Collection entries:
○ ○ ○ ○

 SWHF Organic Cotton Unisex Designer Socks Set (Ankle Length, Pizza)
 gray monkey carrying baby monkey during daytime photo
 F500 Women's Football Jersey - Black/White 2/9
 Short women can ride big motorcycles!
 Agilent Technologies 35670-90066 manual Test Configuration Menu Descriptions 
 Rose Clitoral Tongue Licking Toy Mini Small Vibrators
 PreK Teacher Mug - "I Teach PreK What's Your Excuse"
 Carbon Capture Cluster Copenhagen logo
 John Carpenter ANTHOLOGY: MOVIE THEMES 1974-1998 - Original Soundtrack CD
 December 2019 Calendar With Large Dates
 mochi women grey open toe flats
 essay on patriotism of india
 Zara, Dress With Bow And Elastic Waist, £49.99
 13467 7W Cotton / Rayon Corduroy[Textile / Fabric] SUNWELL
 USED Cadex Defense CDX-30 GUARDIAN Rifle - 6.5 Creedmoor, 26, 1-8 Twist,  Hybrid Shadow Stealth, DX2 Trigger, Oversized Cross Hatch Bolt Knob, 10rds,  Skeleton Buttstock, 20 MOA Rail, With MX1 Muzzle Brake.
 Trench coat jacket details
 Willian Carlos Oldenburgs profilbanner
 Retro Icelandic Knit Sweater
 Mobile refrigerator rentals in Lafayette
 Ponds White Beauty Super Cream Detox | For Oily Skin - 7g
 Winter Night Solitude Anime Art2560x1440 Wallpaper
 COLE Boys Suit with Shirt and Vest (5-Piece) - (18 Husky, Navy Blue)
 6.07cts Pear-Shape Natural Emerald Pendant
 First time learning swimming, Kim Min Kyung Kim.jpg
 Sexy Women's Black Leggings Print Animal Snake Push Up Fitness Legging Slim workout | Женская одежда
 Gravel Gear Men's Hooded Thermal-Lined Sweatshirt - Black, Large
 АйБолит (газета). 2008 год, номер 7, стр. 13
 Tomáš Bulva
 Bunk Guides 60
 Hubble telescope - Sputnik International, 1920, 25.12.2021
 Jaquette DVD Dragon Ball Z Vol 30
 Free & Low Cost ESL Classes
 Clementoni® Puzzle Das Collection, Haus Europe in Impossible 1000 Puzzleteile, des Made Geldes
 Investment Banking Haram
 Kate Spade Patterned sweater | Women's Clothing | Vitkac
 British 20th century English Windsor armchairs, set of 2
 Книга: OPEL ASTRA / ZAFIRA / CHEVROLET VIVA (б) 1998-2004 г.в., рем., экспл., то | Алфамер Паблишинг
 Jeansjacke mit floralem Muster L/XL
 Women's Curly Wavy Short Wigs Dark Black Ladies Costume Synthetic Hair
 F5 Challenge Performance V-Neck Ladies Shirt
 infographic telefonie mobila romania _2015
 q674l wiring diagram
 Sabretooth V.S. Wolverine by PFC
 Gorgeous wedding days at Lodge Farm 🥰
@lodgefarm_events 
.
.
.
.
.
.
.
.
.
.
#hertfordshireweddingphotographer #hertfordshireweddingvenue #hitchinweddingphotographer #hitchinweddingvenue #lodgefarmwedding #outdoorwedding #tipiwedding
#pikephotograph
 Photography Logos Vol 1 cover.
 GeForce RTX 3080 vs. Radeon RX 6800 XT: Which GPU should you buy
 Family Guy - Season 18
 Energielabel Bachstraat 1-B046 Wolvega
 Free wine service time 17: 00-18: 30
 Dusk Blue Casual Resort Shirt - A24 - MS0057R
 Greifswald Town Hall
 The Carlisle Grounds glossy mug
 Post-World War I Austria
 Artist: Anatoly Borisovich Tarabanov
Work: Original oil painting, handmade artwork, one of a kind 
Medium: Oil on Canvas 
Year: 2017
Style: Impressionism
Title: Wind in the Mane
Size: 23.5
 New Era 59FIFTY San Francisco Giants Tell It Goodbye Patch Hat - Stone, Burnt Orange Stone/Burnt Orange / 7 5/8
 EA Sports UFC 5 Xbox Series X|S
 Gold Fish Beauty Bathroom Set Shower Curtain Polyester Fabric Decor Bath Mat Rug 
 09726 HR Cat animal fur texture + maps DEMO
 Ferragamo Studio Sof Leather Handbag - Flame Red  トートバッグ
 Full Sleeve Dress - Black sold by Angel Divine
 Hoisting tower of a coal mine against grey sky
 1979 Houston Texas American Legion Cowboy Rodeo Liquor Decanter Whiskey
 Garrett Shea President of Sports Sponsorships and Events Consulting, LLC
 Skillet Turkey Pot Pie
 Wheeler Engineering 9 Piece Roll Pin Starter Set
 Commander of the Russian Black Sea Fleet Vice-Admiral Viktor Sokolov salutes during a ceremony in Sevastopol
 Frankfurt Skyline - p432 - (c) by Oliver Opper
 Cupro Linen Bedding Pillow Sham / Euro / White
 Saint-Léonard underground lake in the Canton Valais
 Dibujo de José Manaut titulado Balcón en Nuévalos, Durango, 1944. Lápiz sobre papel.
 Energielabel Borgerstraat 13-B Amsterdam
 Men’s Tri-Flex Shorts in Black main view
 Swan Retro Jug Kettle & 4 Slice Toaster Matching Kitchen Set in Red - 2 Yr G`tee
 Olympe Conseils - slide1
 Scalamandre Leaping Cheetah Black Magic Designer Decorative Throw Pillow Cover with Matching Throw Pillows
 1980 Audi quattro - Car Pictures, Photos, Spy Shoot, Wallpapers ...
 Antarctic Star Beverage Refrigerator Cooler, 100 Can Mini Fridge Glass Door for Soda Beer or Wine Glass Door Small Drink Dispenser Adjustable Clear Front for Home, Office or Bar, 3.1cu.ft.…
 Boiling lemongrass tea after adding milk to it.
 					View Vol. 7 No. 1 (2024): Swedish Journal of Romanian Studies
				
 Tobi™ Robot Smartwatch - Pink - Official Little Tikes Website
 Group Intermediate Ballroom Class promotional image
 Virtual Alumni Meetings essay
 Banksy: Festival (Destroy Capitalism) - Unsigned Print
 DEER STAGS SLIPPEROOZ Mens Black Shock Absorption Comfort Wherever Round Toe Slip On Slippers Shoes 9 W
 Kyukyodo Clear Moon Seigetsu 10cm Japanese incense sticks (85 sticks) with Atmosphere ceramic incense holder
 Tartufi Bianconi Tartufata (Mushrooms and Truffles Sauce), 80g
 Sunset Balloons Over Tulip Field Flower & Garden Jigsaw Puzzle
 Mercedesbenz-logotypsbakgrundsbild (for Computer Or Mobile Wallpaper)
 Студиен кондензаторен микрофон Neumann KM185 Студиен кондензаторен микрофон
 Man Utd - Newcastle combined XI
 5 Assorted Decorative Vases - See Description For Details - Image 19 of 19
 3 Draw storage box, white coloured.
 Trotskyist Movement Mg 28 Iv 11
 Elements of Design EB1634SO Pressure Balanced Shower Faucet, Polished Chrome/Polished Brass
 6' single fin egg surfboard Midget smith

○ ○ ○ ○

**What you are asked to do**
What is the number of lines in the records that hold the word "Retro"? Answer with that number by itself.

**Solution for this problem**
2